Studio album by Paul Kelly & the Messengers
- Released: 22 March 1992
- Recorded: 1986–1991
- Genre: Folk rock
- Length: 70:43
- Label: Mushroom, White
- Producer: Guy Gray, Alan Thorne, Paul Kelly, Gavin Mackillop, Steve Gordon, Paul Petran, Steve Connolly

Paul Kelly & the Messengers chronology
| Comedy (1991) | Hidden Things (1992) | Live, May 1992 (1992) |

Singles from Hidden Things
- "When I First Met Your Ma" Released: March 1992;

= Hidden Things =

Hidden Things is an album by Australian folk rock group Paul Kelly & the Messengers released in March 1992 on Mushroom Records, which reached No. 29 on the ARIA Albums Chart. It also reached the Top 40 on the New Zealand Albums Chart. It is a collection of tracks recorded by Kelly and both his backing bands, the Coloured Girls and the Messengers, from 1986 to 1991, but were not issued on previous studio albums (except for "Bradman" and "Pastures of Plenty"). The album spawned a single, "When I First Met Your Ma", which was released in March. Messenger band members provide lead vocals on "Hard Times" from its writer Steve Connolly, and "Rock 'n' Soul" from its writer Jon Schofield. "Sweet Guy Waltz" is a slower version of "Sweet Guy" which was on 1989's So Much Water So Close to Home. The album was re-released in 2011 as Hidden Things: B-sides & Rarities.

==Background==

Paul Kelly & the Messengers gave their last performance in August 1991, with Kelly set to pursue a solo career. He justified his decision: "We forged a style together. But I felt if we had kept going it would have got formulaic and that's why I broke it up. I wanted to try and start moving into other areas, start mixing things up". To round out their career, Kelly organised Hidden Things to collect previously released B-sides, stray non-LP tracks, radio sessions, and other rarities recorded from 1986 to 1991. Except for "Bradman" and "Pastures of Plenty", the tracks had not appeared on earlier albums by Paul Kelly & the Coloured Girls or Paul Kelly & the Messengers.

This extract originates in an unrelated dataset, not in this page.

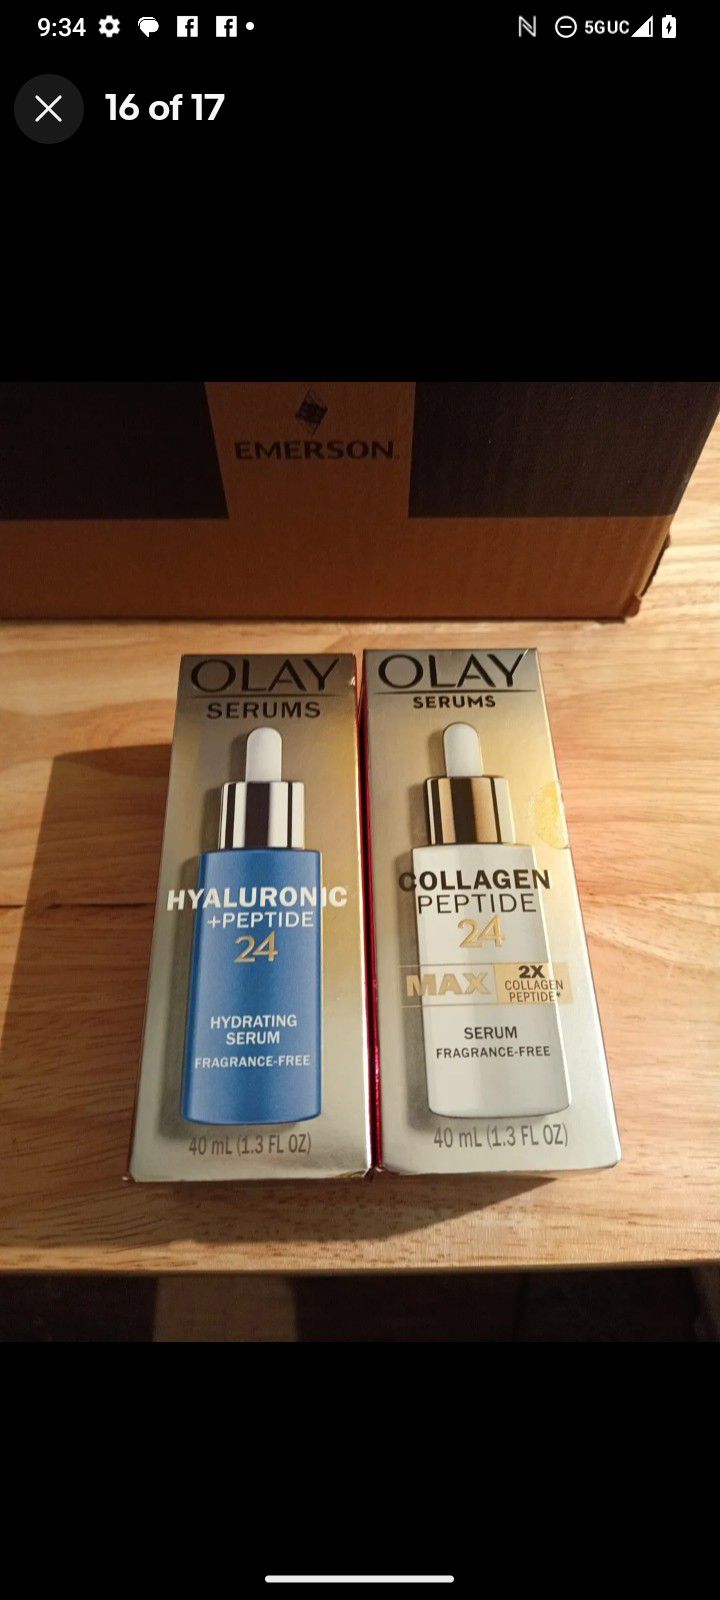 Olay New Set Of 2 40 Ml Each Fragrance Free Collagen Peptide 24 & Peptide 24 Max Hydrating Serums Boxed

The album was issued in March 1992, after the group had been disbanded, and reached No. 29 on the ARIA Albums Chart. In May Kelly recorded a set of solo performances which were later released as a double live album, Live, May 1992.

==Composition and recording==

Tracks for Hidden Things were recorded between 1986 (by Paul Kelly & the Coloured Girls) to September 1991 (by Paul Kelly & the Messengers). The line-up of both bands was: Michael Barclay on drums and backing vocals; Peter Bull on keyboards; Steve Connolly on lead guitar (lead vocals on "Hard Times"); Kelly on guitar, lead vocals (except "Hard Times", "Rock 'n' Soul") and harmonica; and Jon Schofield on bass guitar. The album includes a cover version of Australian Crawl's 1983 number-one hit, "Reckless" which was recorded in 1988 and originally released by Paul Kelly & the Coloured Girls as part of the 1989 "Dumb Things" double single. The lead single from the album, "When I First Met Your Ma", describes Kelly's courting of his first wife Hilary Brown – they met at the Kingston Hotel during an early gig by his band The Dots and were introduced by Kelly's then-girlfriend, Juliet. "Sweet Guy Waltz" is a slower version of "Sweet Guy" which was issued as a single from 1989's So Much Water So Close to Home.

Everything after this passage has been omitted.